(Work instructions) Your task is to transcribe all of the data below exactly, omitting the images.
(Data Opens)
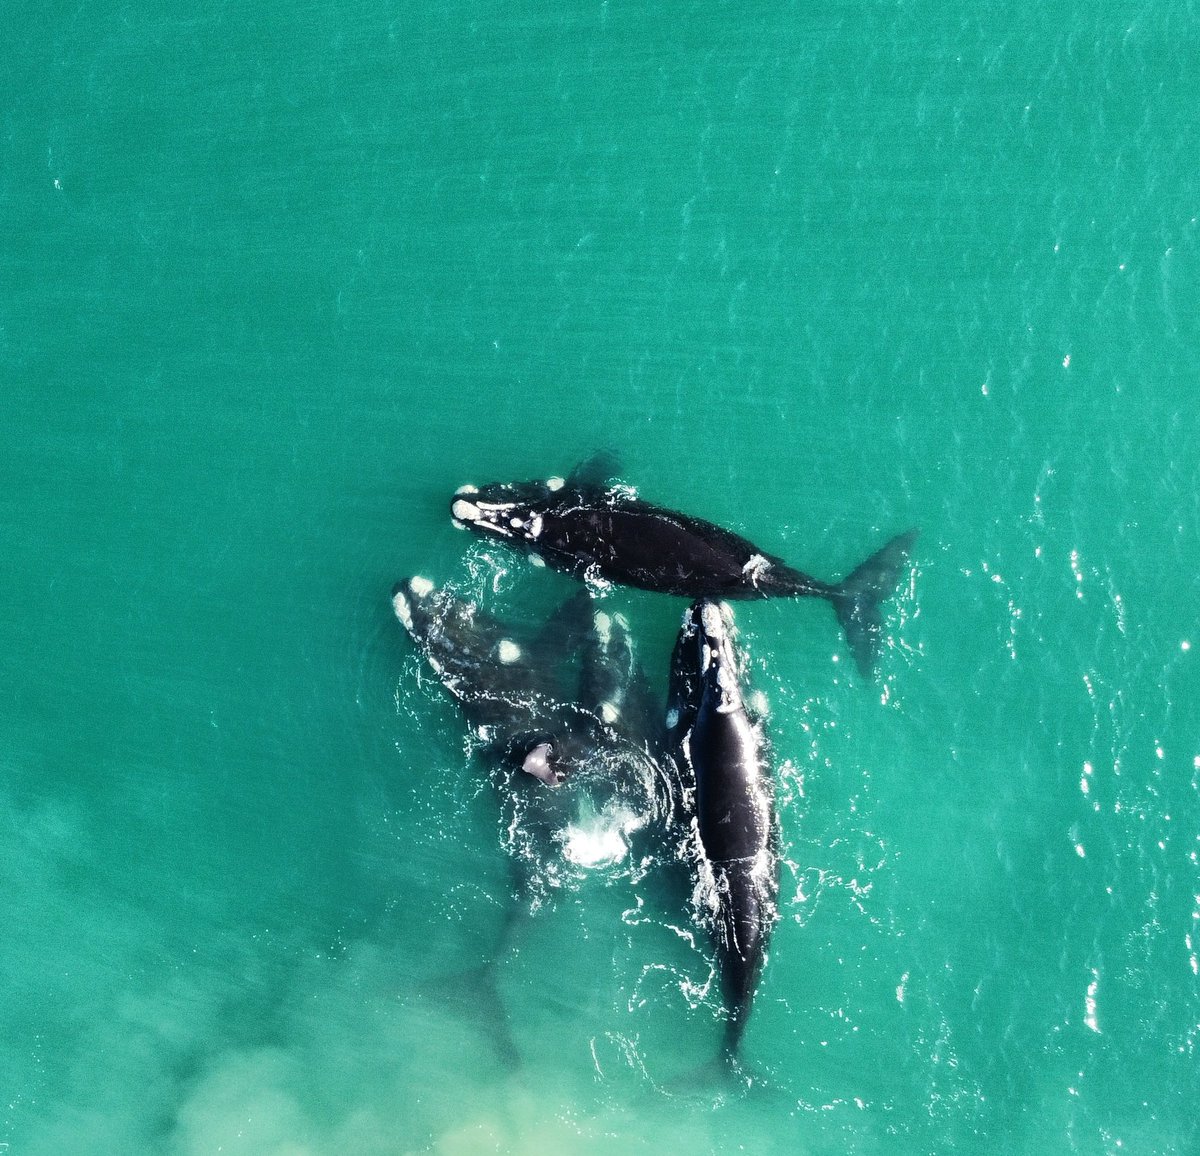 Cuatro ballenas francas por playa Serena. Un momento único. 

#ballenas
#mardelplata
#argentina
#oceano
#acantilados
(Data Closes)
(Answer box)
 Cuatro ballenas francas por playa Serena. Un momento único. 

#ballenas
#mardelplata
#argentina
#oceano
#acantilados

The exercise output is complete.